Yes, it takes lots of practice to master free motion quilting, but having the right tools and accessories can put you on the fast track to success.
Of course, you know you need a sewing machine, a needle, thread and your quilt sandwich. After that, you can add just a few extra supplies to your toolbox and be well on your way to an FMQ masterpiece.
These gadgets can take some of the stress out of free-motion quilting.
1. A free-motion quilting foot
This first one is a must-have! A free-motion quilting foot allows full movement of the quilt under the needle and clear visibility while quilting.
There are lots of choices here: hopping or stable, clear or metal, open or closed. Only experience will reveal what you prefer. Consult your machine manual to discover what type is made for your machine. If you’re unsatisfied with those options, generic feet are also available.
2. Extension table
An extension table should be next on your list. This is a plastic rectangular platform that’s designed to fit snugly around your machine. It extends your work surface at needle height.
An extension table makes it easier to support your quilt while free motion quilting. This reduces hand fatigue, allowing you to quilt longer in one sitting. And, since the quilt is not dragging off the edge of the sewing machine, you can move it more smoothly to create nicer shapes.
To get the correct fit, it’s best to find an extension table made by the manufacturer of your particular machine. For example, Horizon Memory Craft 8900QCP Special Edition shown above only works with certain extender tables. You can also find universal sewing tables, like this one from Janome, which fits with more than just one machine.
3. Quilting gloves
Like an extension table, quilting gloves make the task of free-motion quilting less tiring. These thin, stretchy gloves are designed to help you grip the quilt securely. Many have little sticky dots on them, much like non-slip pajama feet.
Gloves are available in all kinds of sizes and styles, so keep looking until you find a pair that fit you like a second skin! Quilt shows are great places to shop for quilting gloves, or you can find many online.
4. Marking tools
Although it tends to look effortless, free motion quilting sometimes involves advance planning. You might wish to make marks on the quilt to create boundaries or reference points for spacing.
The marking tools you use for sewing also work well when free-motion quilting. A simple water soluble pencil, for example, comes in handy for marking points. A hera marker is my go-to for straight lines.
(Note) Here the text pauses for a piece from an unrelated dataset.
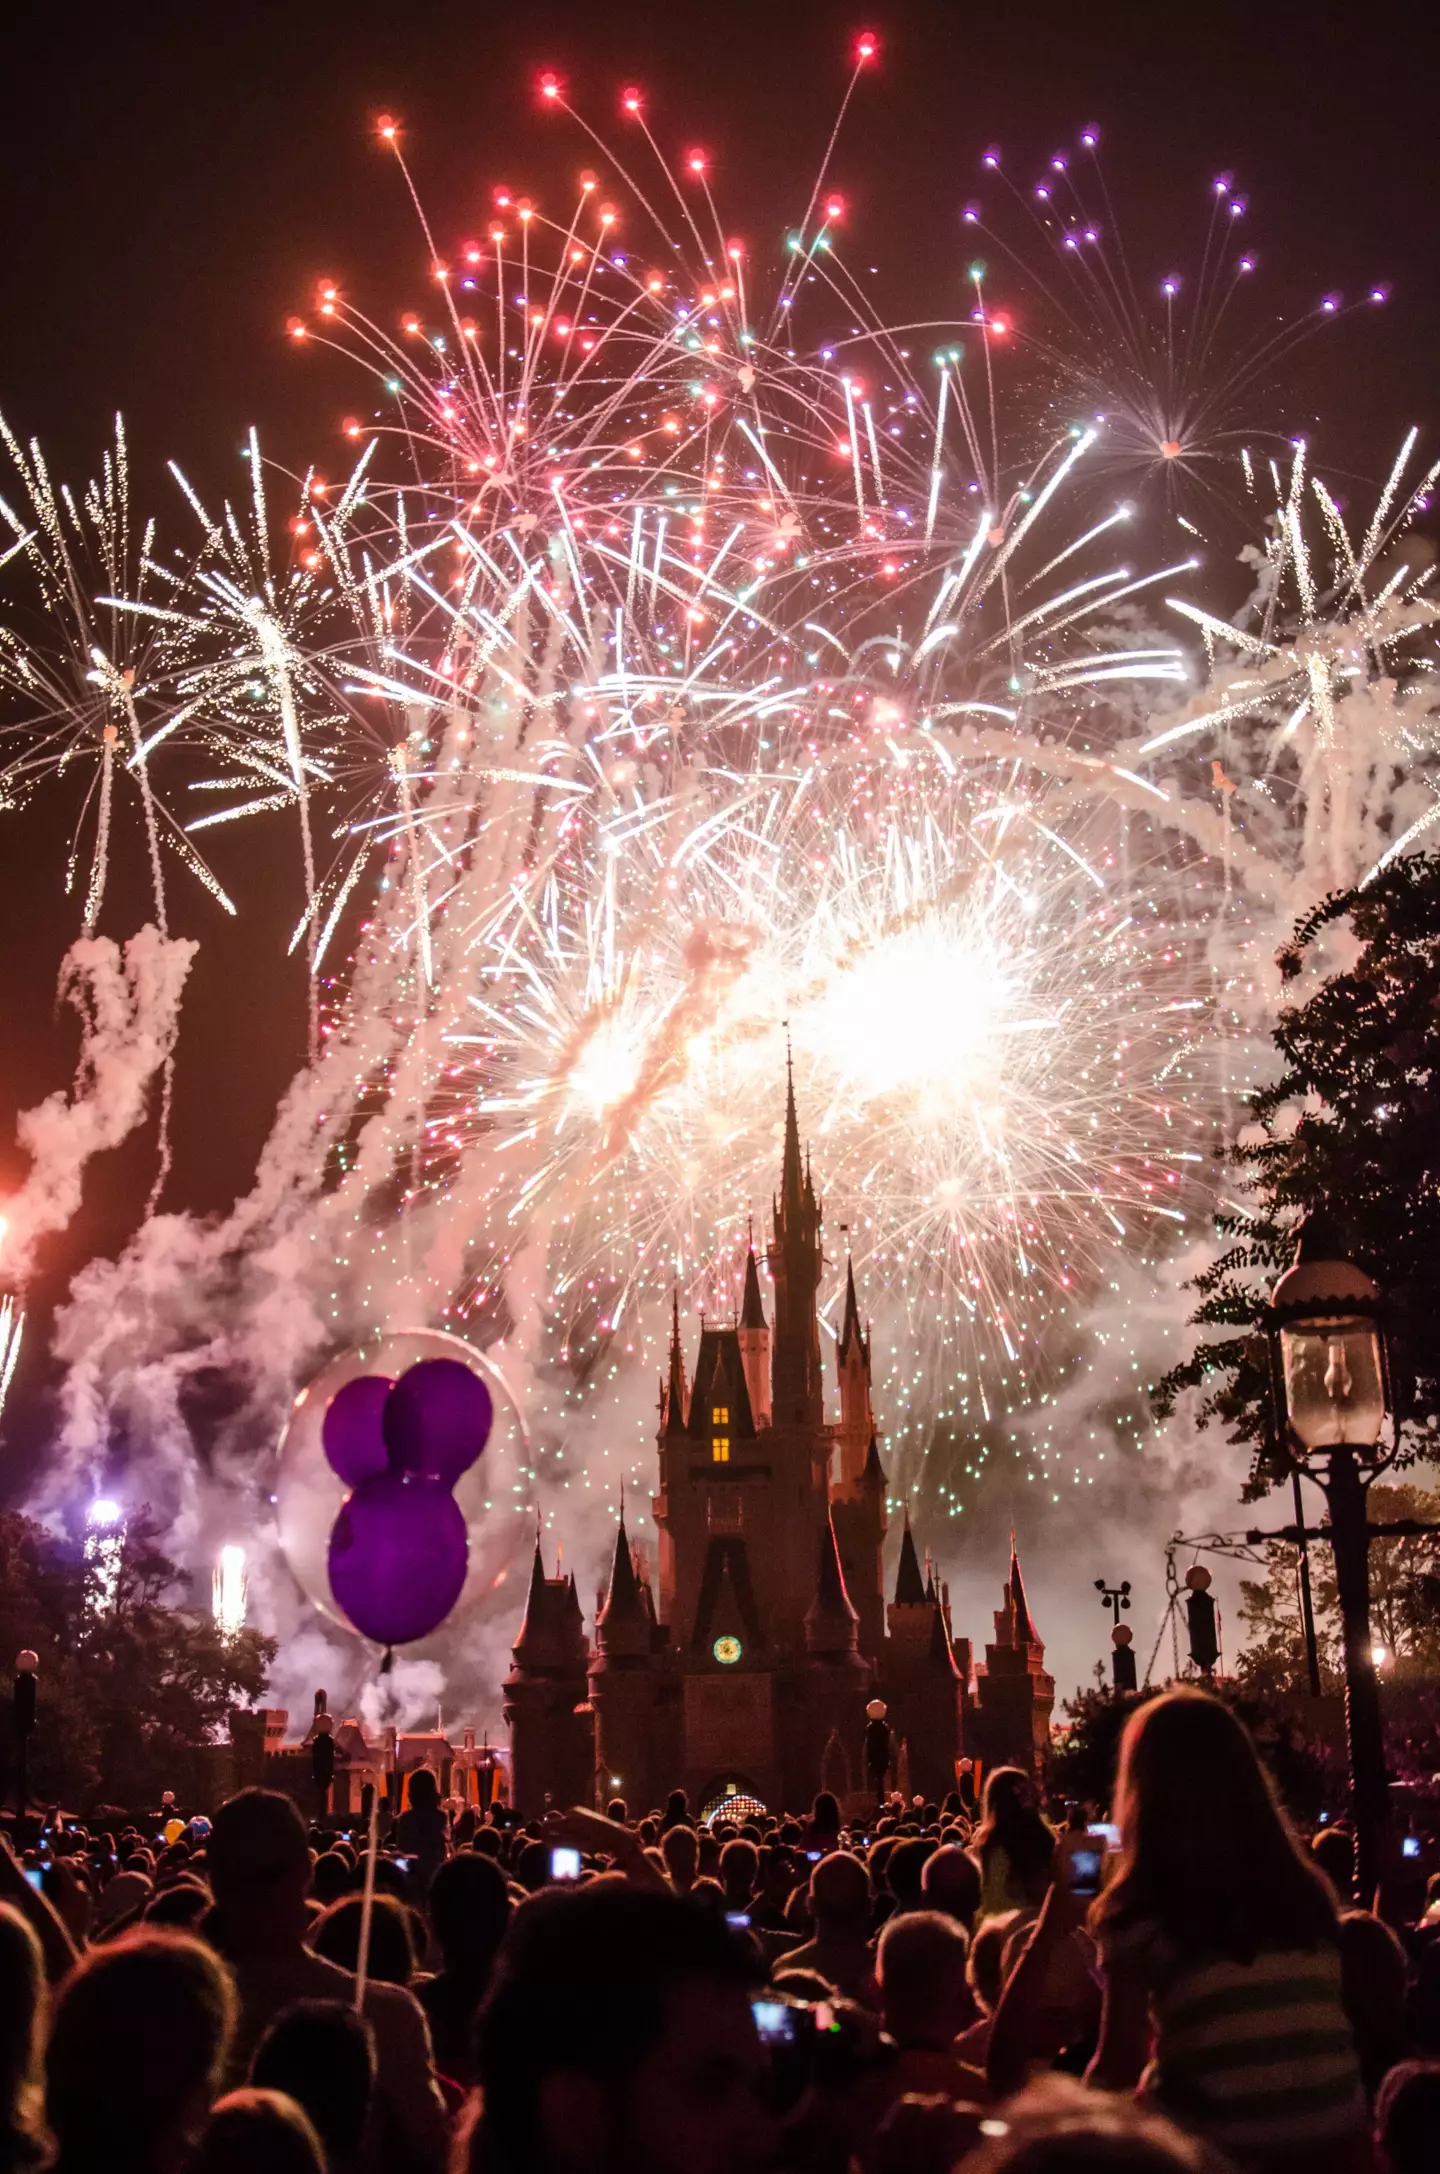 The fireworks over the Castle at Magic Kingdom in Walt Disney World, Orlando, Florida.

This tool creates fine creases to mark lines with more accuracy and speed than pencils, chalk or pen.
Of course, if you plan to use your piecing as guidelines (often called dot-to-dot quilting), you might not need marking tools like these.
5. Quilting rulersFrom Quilting with Rulers: Free Motion Made Simple with Angela Walters
After you master the basics, experiment with rulers designed for free-motion quilting. You can find all kinds of rulers available in half circles, curves, novelty shapes, straight lines, and more.
When you can guide your FMQ foot along the hard edge of the rulers, you’ll get smoother, neater quilting lines. If you ever get frustrated because your free-motion quilting is not as perfect as you’d like, rulers will help!
Free-motion quilting rulers are best used in conjunction with a thick free-motion quilting foot, called a ruler foot. The ruler foot guards against the possibility of quilting on the ruler itself.
6. Supreme Slider
A Supreme Slider is a slick plastic sheet that clings to your sewing machine bed like a vinyl decal, creating a smooth surface that covers your machine’s feed dogs. There’s a small rectangle cut out at center for the needle hole. It’s designed specifically for free-motion quilting on a domestic machine, and it peels on and off easy.
The Supreme Slider creates an extra slick surface. With it in place, you’ll find it easier than ever to move a quilt under the needle as you quilt. Like an extension table and gloves, this tool reduces fatigue and makes FMQ more enjoyable.
7. Quilting guide
If you find it difficult to keep the quilt surface flat while free motion quilting, try a quilting guide. This specialty tool is a weighted ring is covered with a rubbery surface that lightly grips the quilt. You simply place it on top of your quilt and quilt within the ring.
The ring holds the quilt flat so you can clearly view your quilting canvas. Instead of holding and moving the quilt, your hands will rest on the ring and move it gently.